# Recorded data
------

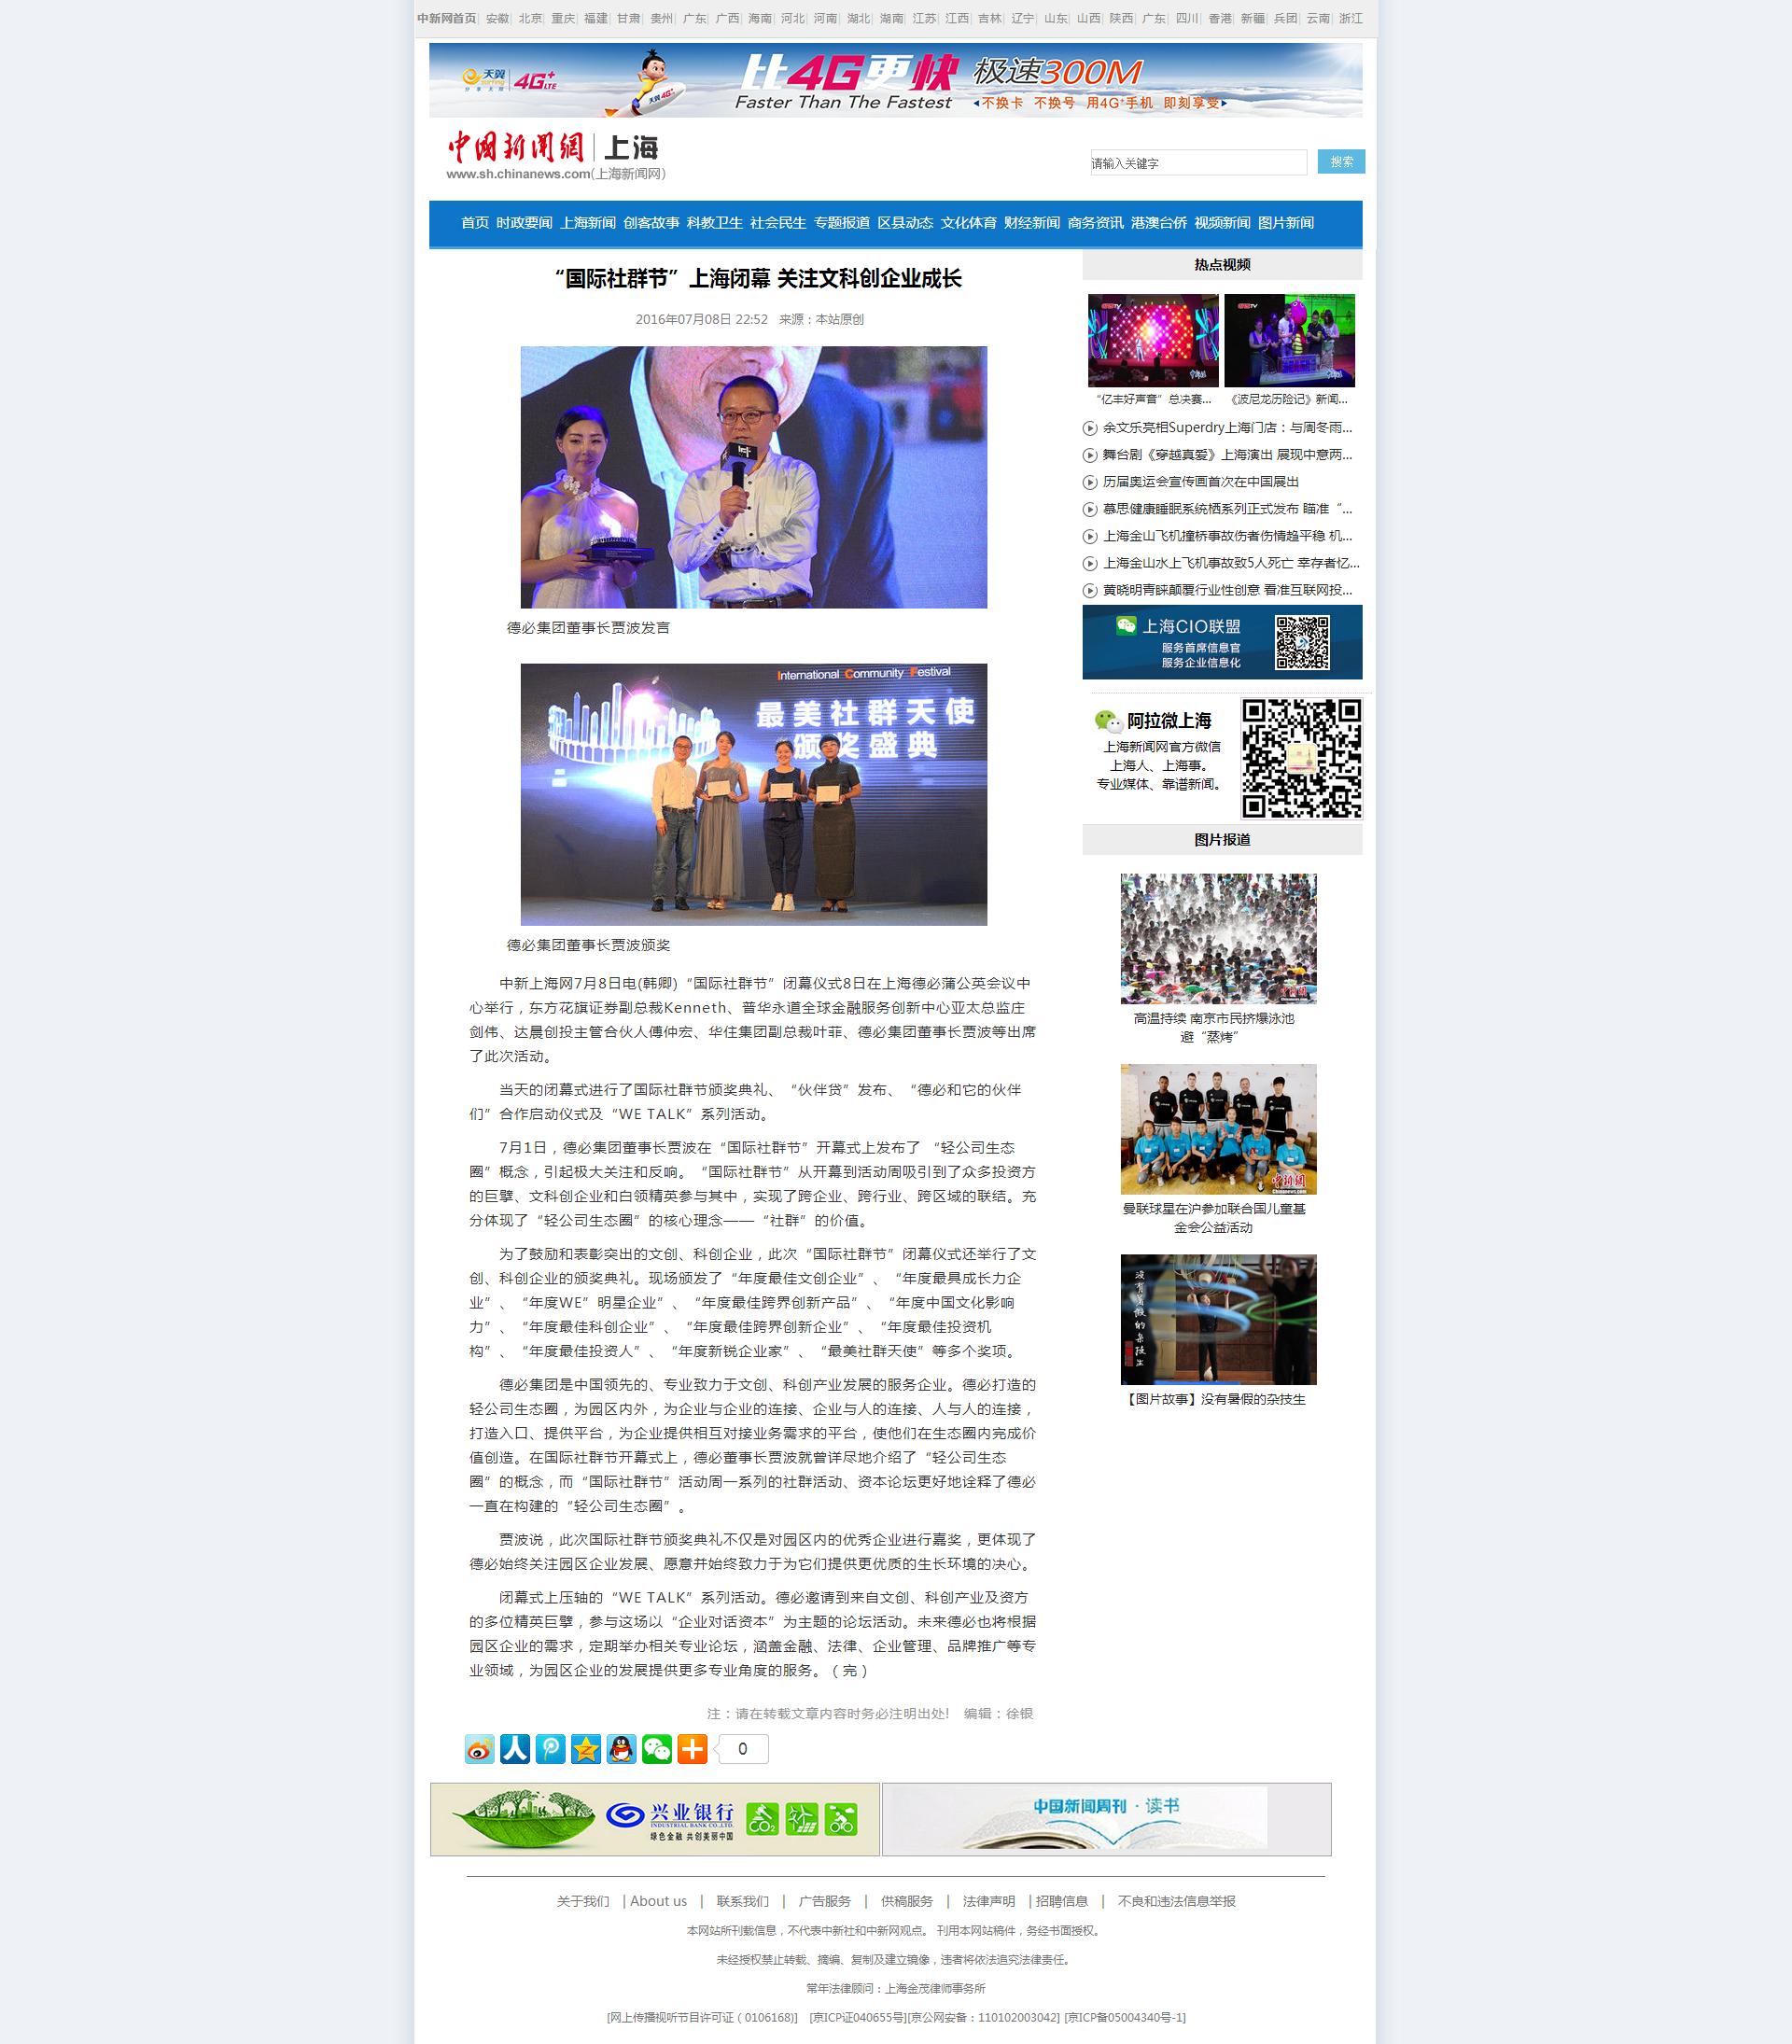 “国际社群节”上海闭幕 关注文科创企业成长 - 上海新闻网.png
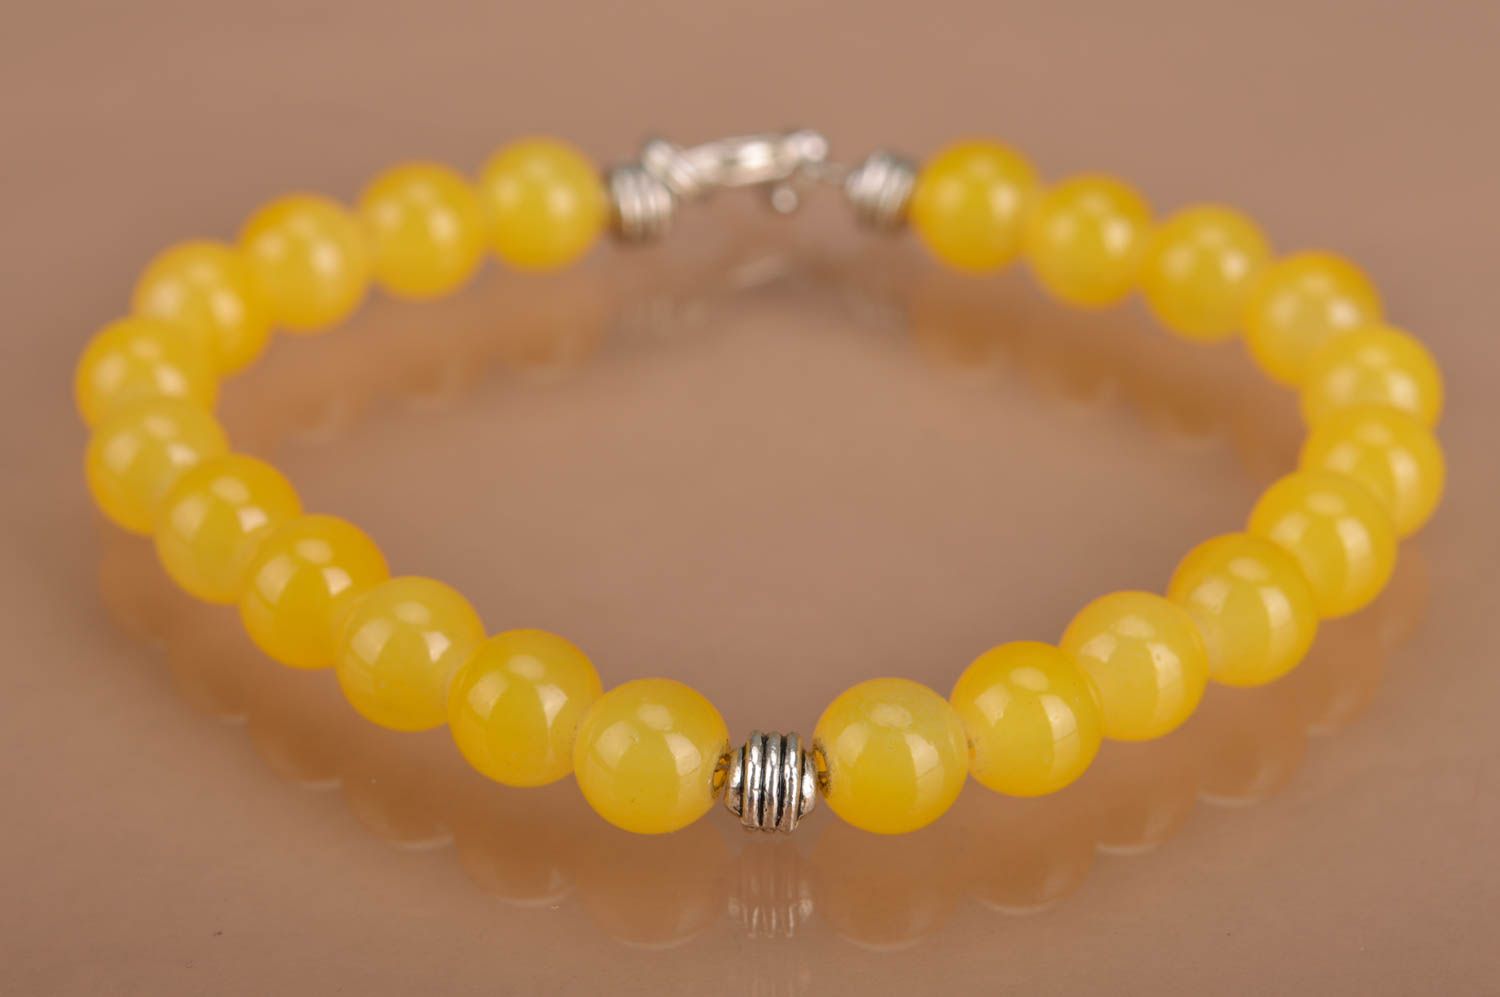 Handmade designer women's wrist bracelet with bright yellow neon beads photo 2
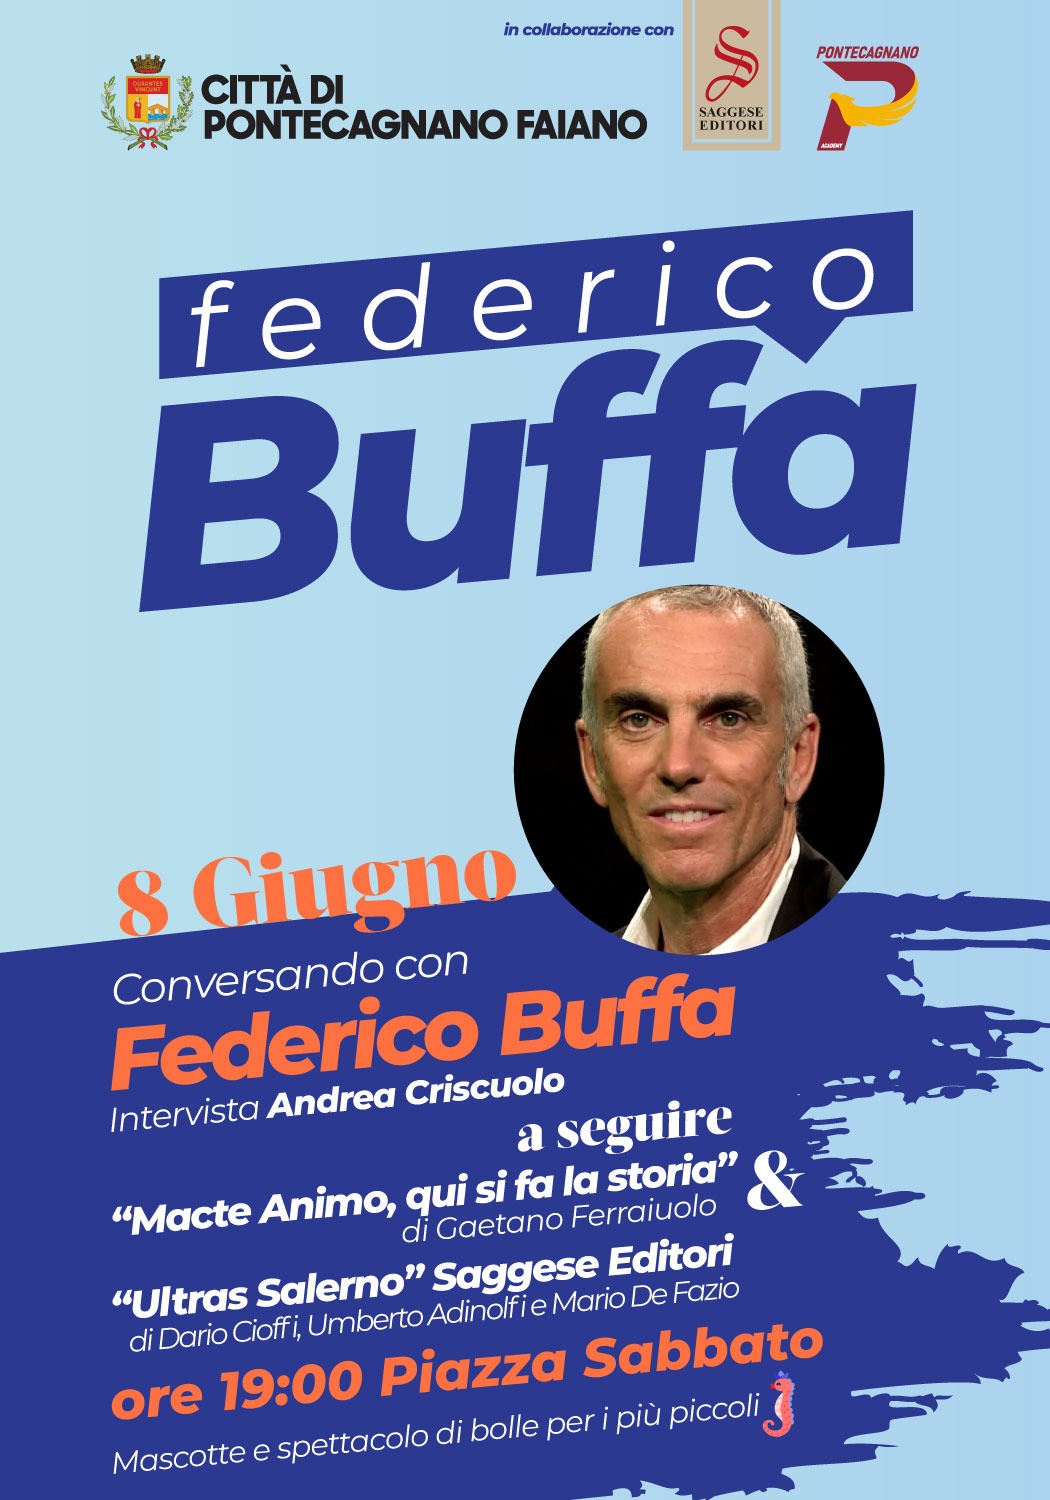 Federico Buffa Pontecagnano

------

# Try it
Output the listing word for word. Drop the pictures.

# Answer to this exercise
 “国际社群节”上海闭幕 关注文科创企业成长 - 上海新闻网.png
 Handmade designer women's wrist bracelet with bright yellow neon beads photo 2
 Federico Buffa Pontecagnano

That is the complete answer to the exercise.